TASK DIRECTIONS ▸
Return the records exactly, with nothing added.

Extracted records
______________________________
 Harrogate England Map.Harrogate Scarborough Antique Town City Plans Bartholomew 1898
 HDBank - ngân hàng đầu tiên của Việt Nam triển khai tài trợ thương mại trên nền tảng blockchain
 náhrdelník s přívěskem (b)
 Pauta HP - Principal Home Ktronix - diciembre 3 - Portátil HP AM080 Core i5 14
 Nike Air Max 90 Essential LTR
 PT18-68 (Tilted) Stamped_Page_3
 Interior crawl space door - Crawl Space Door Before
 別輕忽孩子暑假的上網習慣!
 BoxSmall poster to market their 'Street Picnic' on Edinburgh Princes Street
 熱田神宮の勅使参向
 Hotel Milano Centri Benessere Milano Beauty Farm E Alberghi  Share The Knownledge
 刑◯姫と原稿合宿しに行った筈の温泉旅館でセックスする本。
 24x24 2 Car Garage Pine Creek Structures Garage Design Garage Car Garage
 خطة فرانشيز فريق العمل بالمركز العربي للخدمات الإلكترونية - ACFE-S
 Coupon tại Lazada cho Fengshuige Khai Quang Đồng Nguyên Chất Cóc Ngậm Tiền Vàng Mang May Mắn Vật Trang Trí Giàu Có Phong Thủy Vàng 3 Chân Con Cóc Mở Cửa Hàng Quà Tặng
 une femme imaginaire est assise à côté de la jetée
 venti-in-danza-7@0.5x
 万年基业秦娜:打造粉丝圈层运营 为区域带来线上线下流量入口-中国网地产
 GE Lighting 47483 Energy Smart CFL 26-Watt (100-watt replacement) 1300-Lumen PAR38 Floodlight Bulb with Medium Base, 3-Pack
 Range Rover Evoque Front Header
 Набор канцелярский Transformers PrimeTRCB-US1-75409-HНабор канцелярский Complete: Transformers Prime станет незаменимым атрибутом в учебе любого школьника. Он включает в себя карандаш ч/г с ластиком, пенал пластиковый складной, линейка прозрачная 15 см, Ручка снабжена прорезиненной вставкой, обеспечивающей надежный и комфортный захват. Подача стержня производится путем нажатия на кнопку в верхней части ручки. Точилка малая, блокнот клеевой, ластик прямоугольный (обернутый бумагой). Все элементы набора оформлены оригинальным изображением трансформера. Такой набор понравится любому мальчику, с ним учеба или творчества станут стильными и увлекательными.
______________________________
RESULT ▸
 Harrogate England Map.Harrogate Scarborough Antique Town City Plans Bartholomew 1898
 HDBank - ngân hàng đầu tiên của Việt Nam triển khai tài trợ thương mại trên nền tảng blockchain
 náhrdelník s přívěskem (b)
 Pauta HP - Principal Home Ktronix - diciembre 3 - Portátil HP AM080 Core i5 14
 Nike Air Max 90 Essential LTR
 PT18-68 (Tilted) Stamped_Page_3
 Interior crawl space door - Crawl Space Door Before
 別輕忽孩子暑假的上網習慣!
 BoxSmall poster to market their 'Street Picnic' on Edinburgh Princes Street
 熱田神宮の勅使参向
 Hotel Milano Centri Benessere Milano Beauty Farm E Alberghi  Share The Knownledge
 刑◯姫と原稿合宿しに行った筈の温泉旅館でセックスする本。
 24x24 2 Car Garage Pine Creek Structures Garage Design Garage Car Garage
 خطة فرانشيز فريق العمل بالمركز العربي للخدمات الإلكترونية - ACFE-S
 Coupon tại Lazada cho Fengshuige Khai Quang Đồng Nguyên Chất Cóc Ngậm Tiền Vàng Mang May Mắn Vật Trang Trí Giàu Có Phong Thủy Vàng 3 Chân Con Cóc Mở Cửa Hàng Quà Tặng
 une femme imaginaire est assise à côté de la jetée
 venti-in-danza-7@0.5x
 万年基业秦娜:打造粉丝圈层运营 为区域带来线上线下流量入口-中国网地产
 GE Lighting 47483 Energy Smart CFL 26-Watt (100-watt replacement) 1300-Lumen PAR38 Floodlight Bulb with Medium Base, 3-Pack
 Range Rover Evoque Front Header
 Набор канцелярский Transformers PrimeTRCB-US1-75409-HНабор канцелярский Complete: Transformers Prime станет незаменимым атрибутом в учебе любого школьника. Он включает в себя карандаш ч/г с ластиком, пенал пластиковый складной, линейка прозрачная 15 см, Ручка снабжена прорезиненной вставкой, обеспечивающей надежный и комфортный захват. Подача стержня производится путем нажатия на кнопку в верхней части ручки. Точилка малая, блокнот клеевой, ластик прямоугольный (обернутый бумагой). Все элементы набора оформлены оригинальным изображением трансформера. Такой набор понравится любому мальчику, с ним учеба или творчества станут стильными и увлекательными.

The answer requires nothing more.